◆ What the task requires ◆
When you reach the line that contains "Bi-fold to Faux", please begin copying, and carry on exactly to the last line of the material, leaving out every picture.

◆ Input data ◆
=======
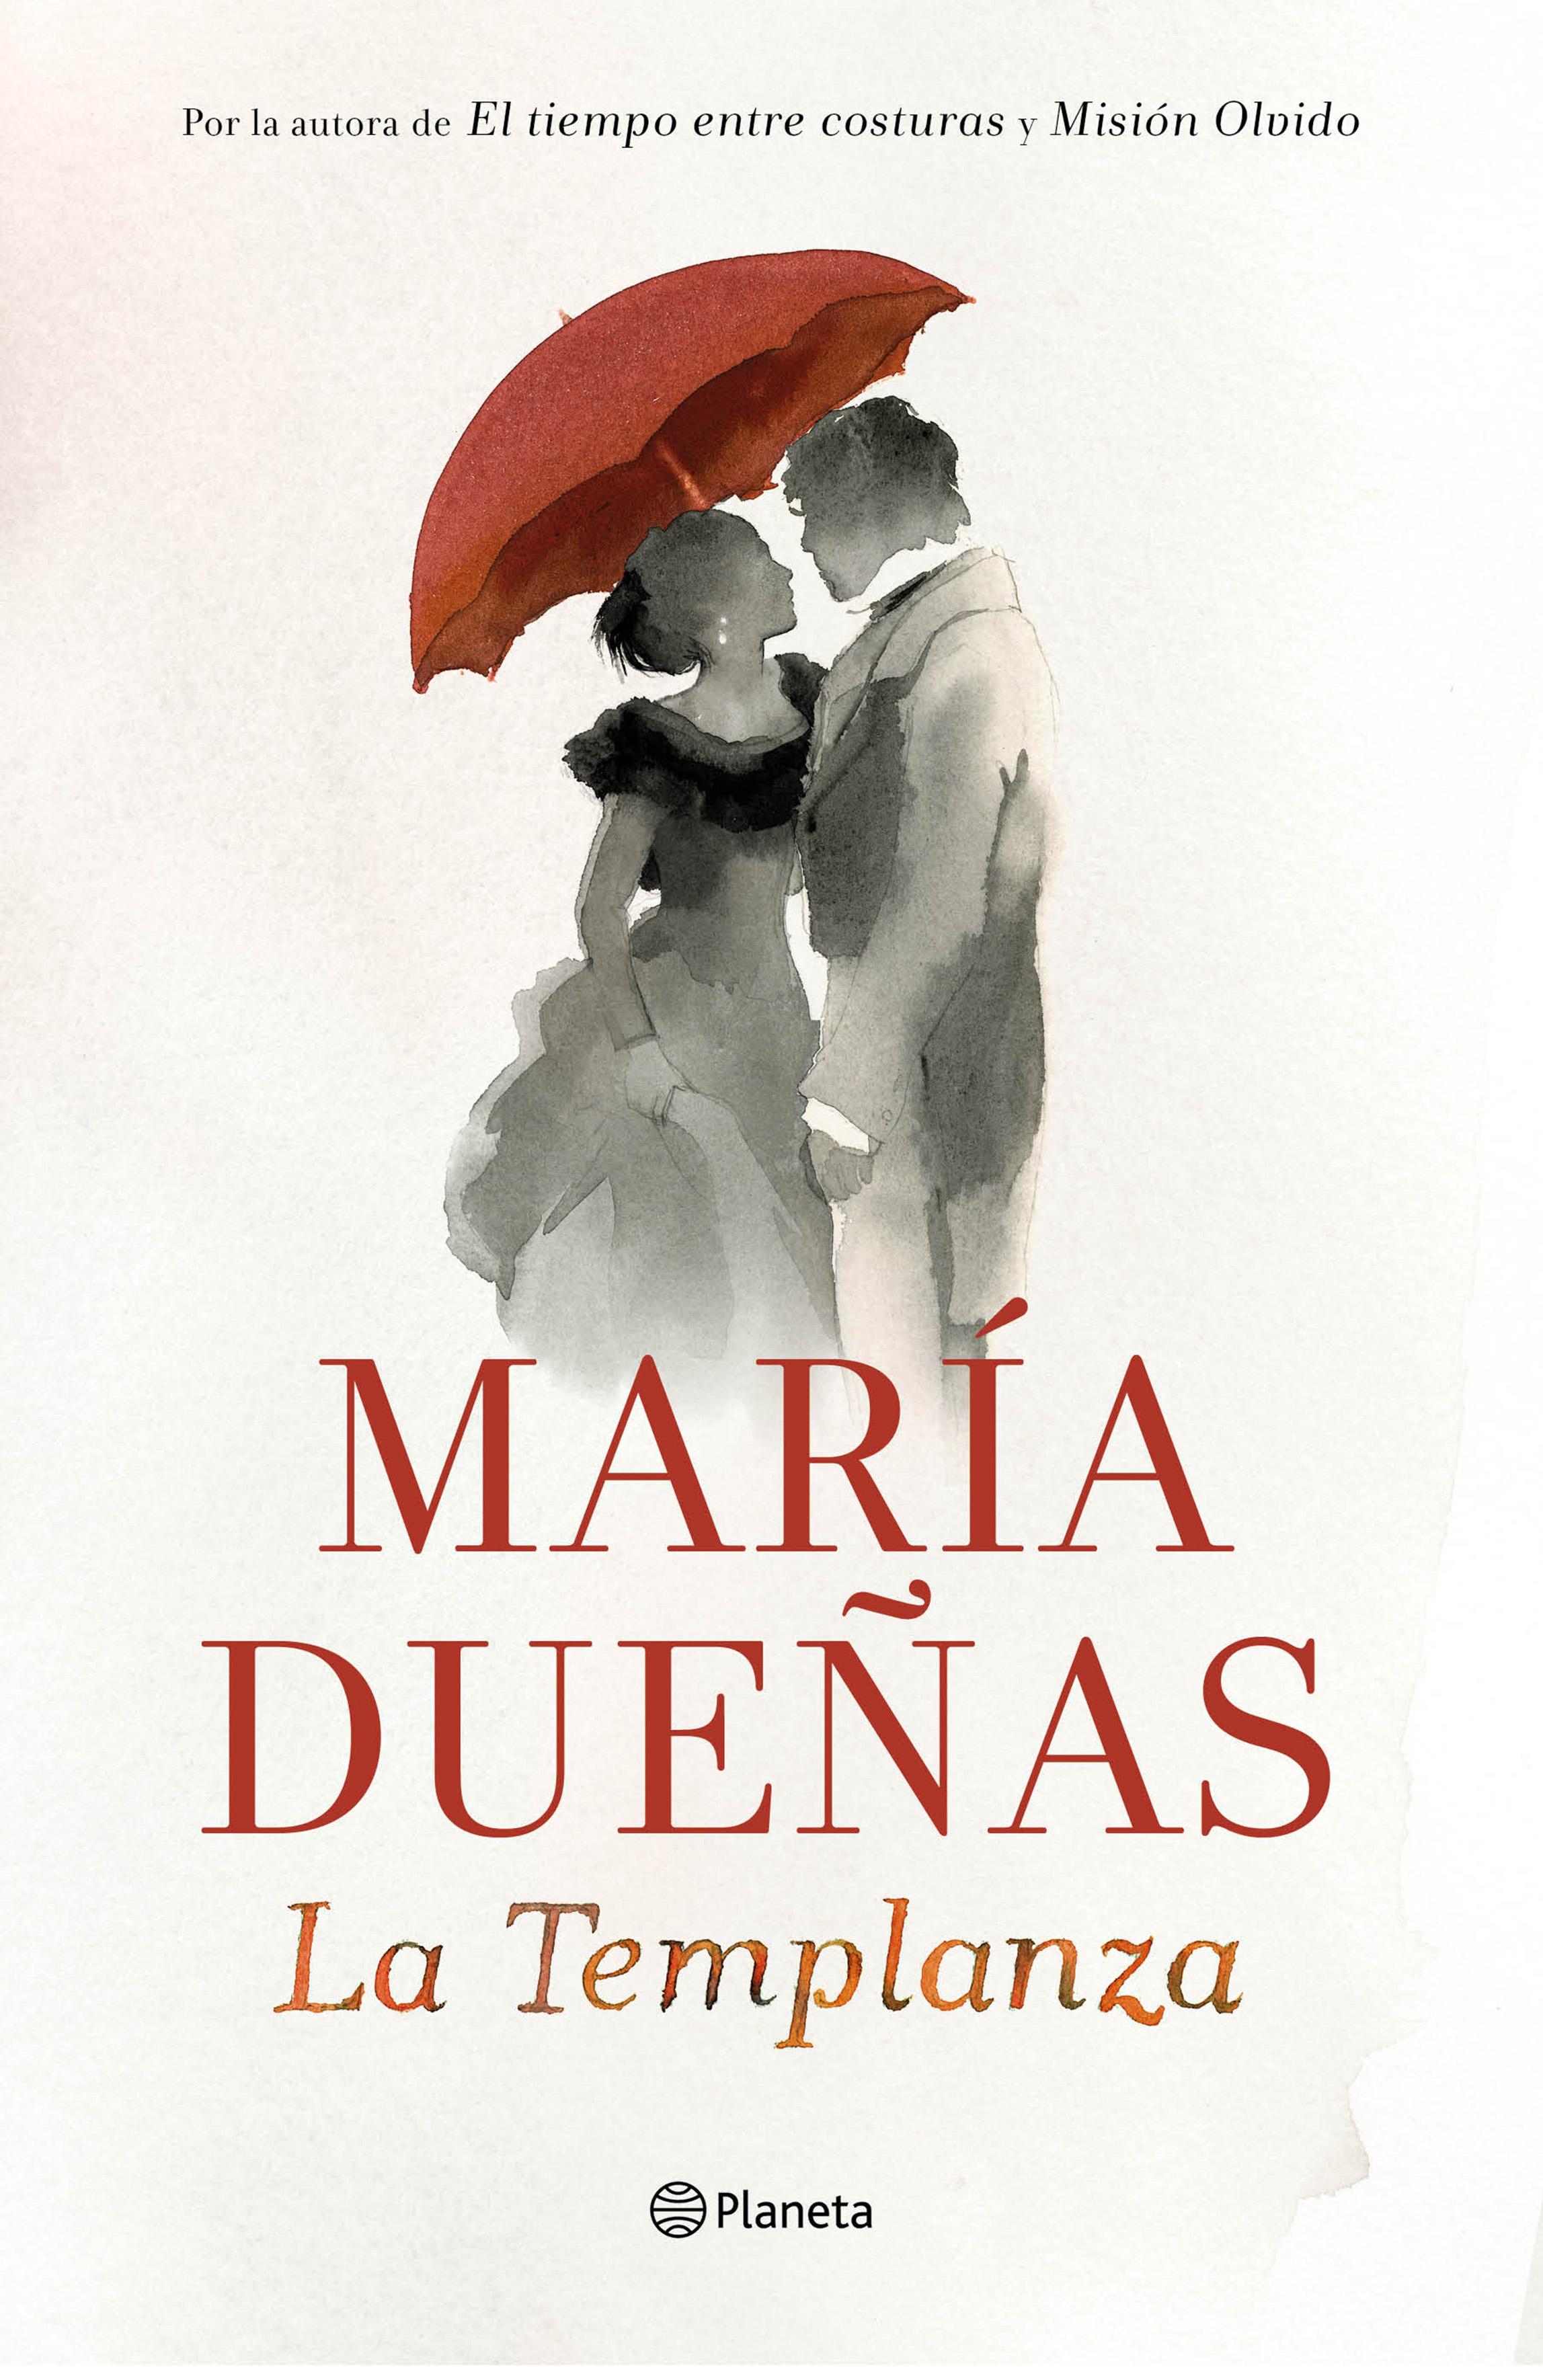 'La Templanza' de María Dueñas estará en todas las librerías de España y América Latina el próximo 17 de marzo
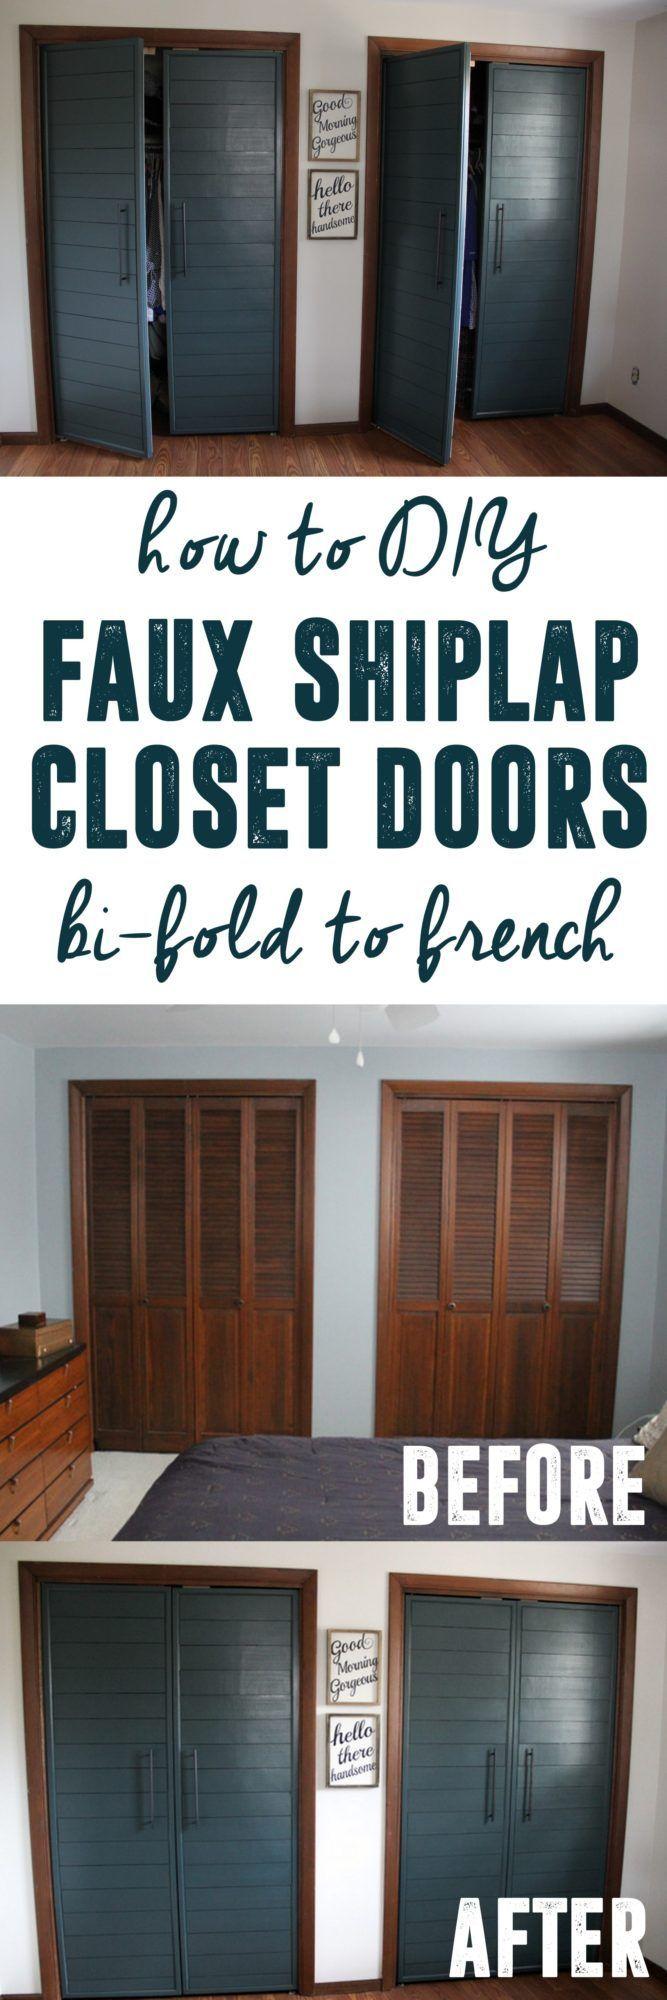 Bi-fold to Faux Shiplap French Closet Doors | Diy closet ...
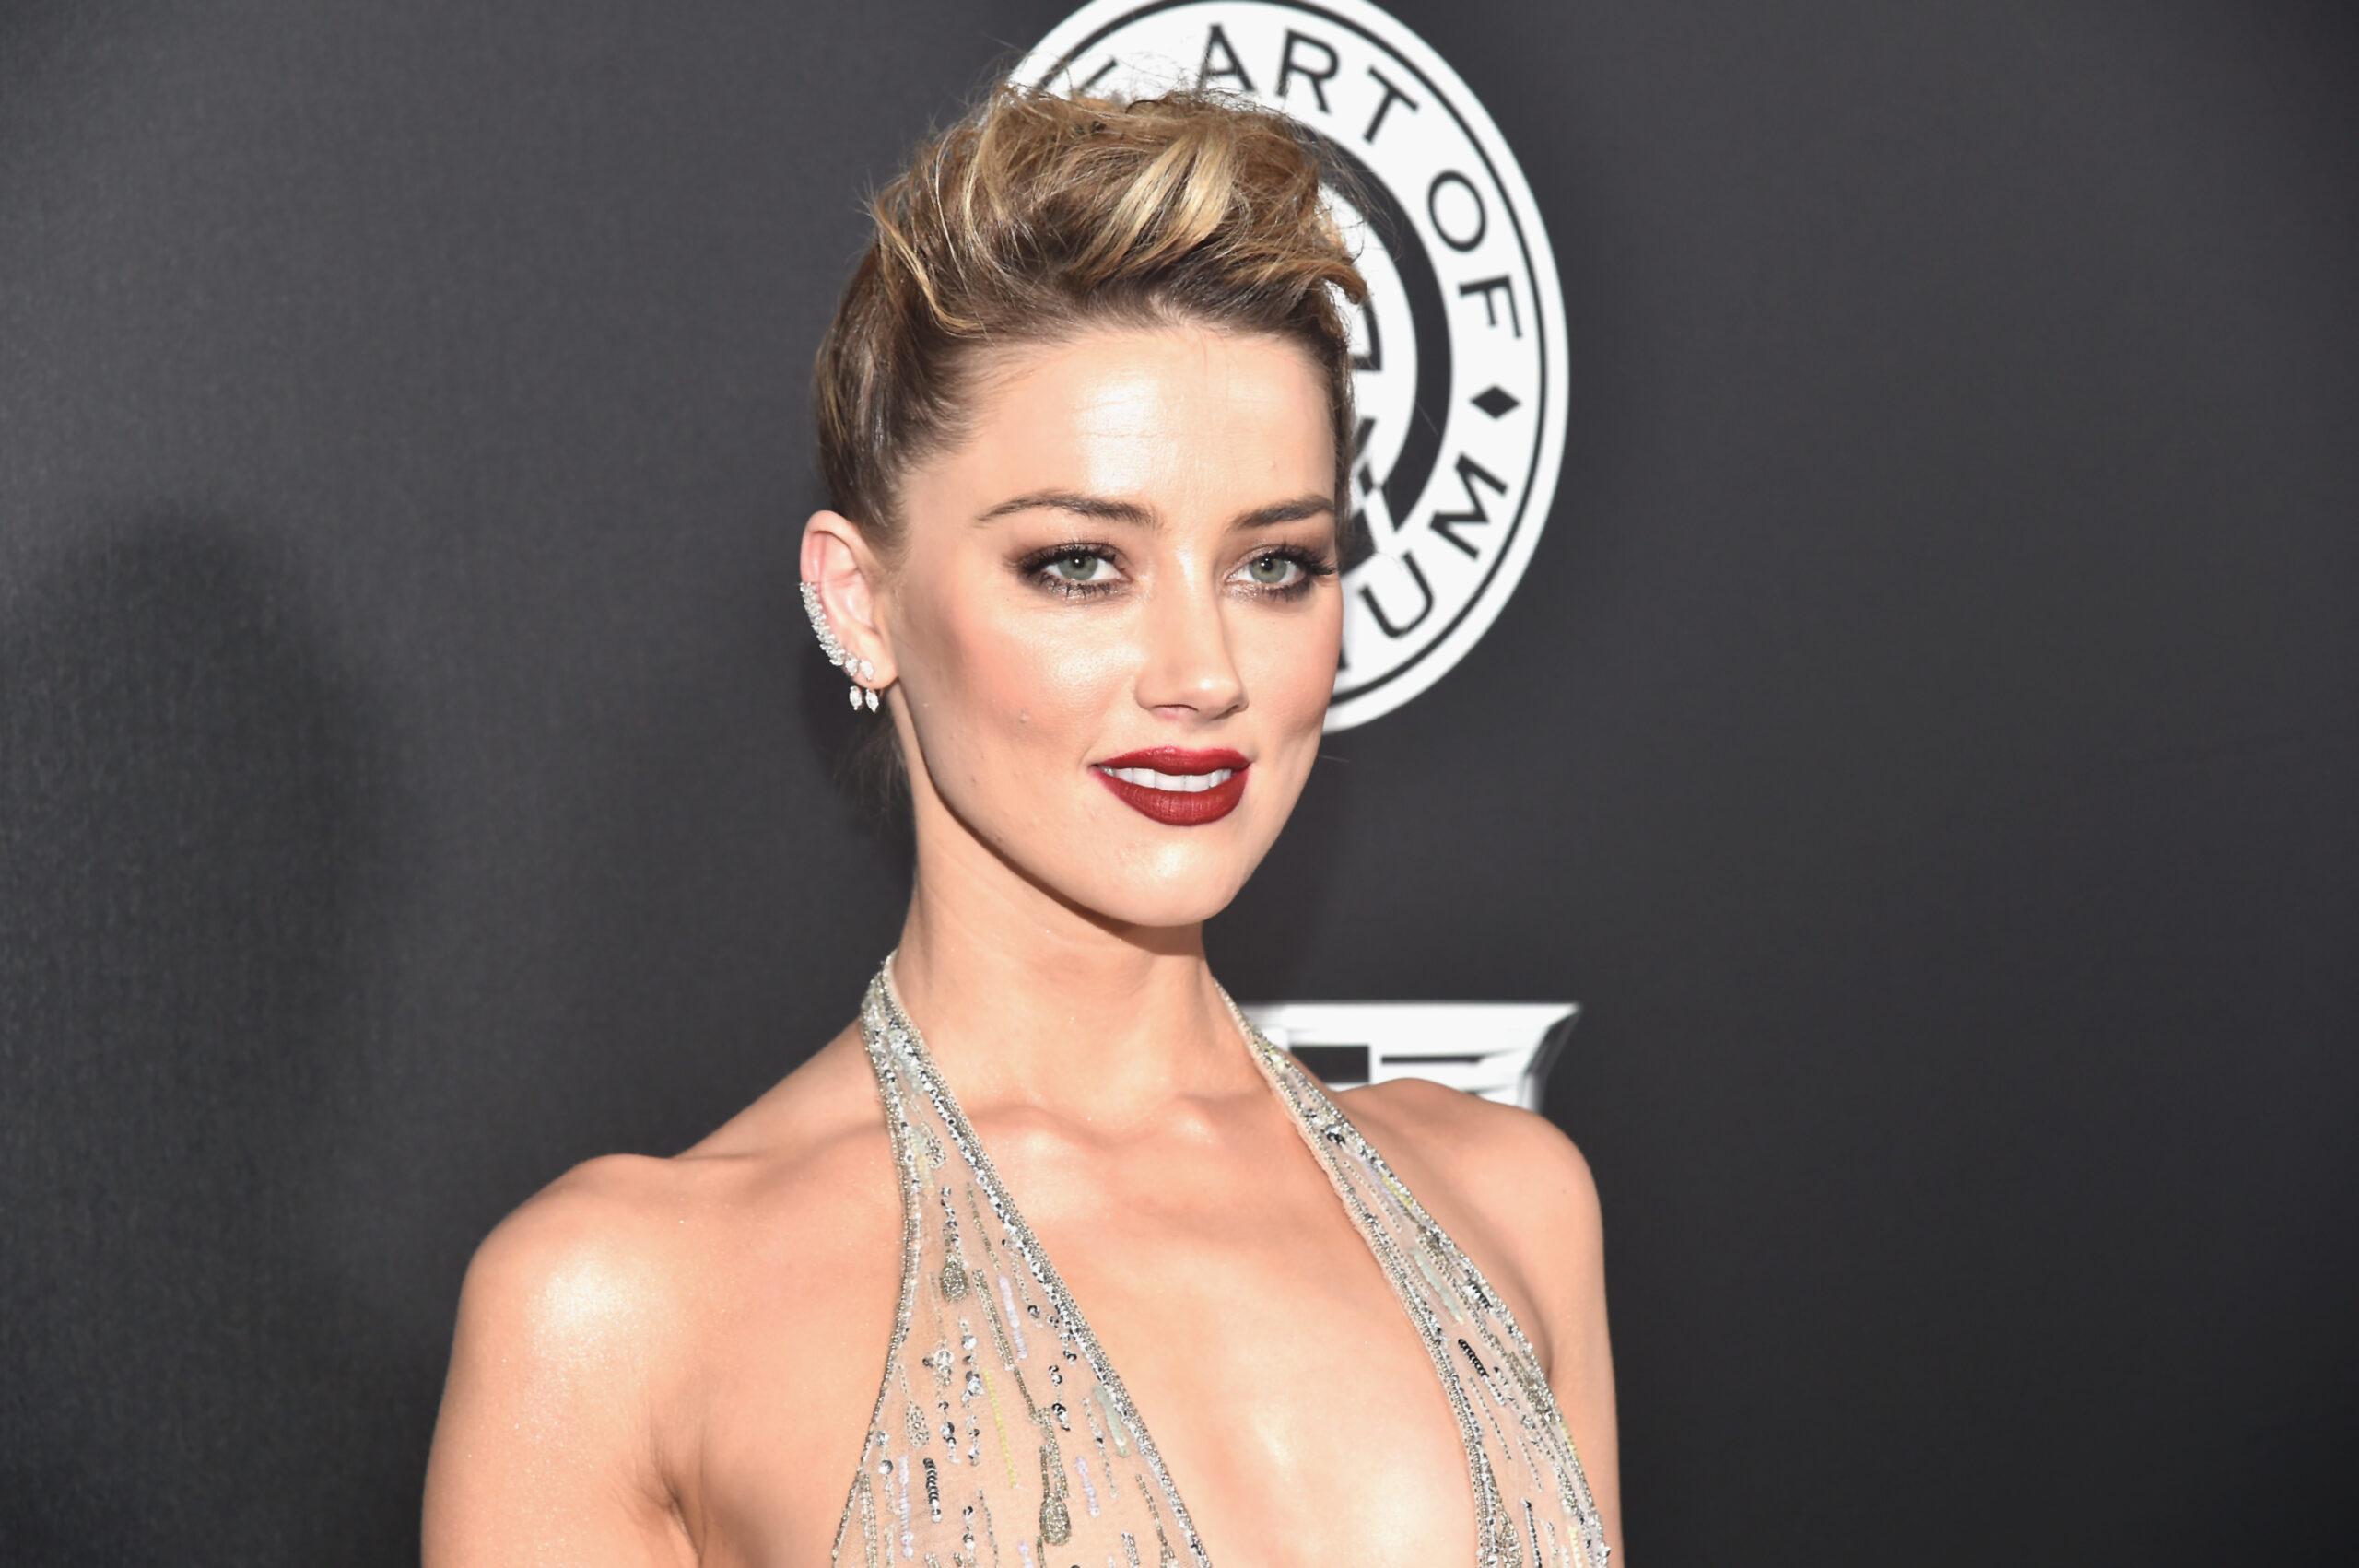 Amber Heard a apărut la Art of Elysium, în 2018, cu un look dramatic. Părul strâns, machiaj închis la culoare, decolteu adânc, rochie argintie
=======
◆ Response area ◆
 Bi-fold to Faux Shiplap French Closet Doors | Diy closet ...
 Amber Heard a apărut la Art of Elysium, în 2018, cu un look dramatic. Părul strâns, machiaj închis la culoare, decolteu adânc, rochie argintie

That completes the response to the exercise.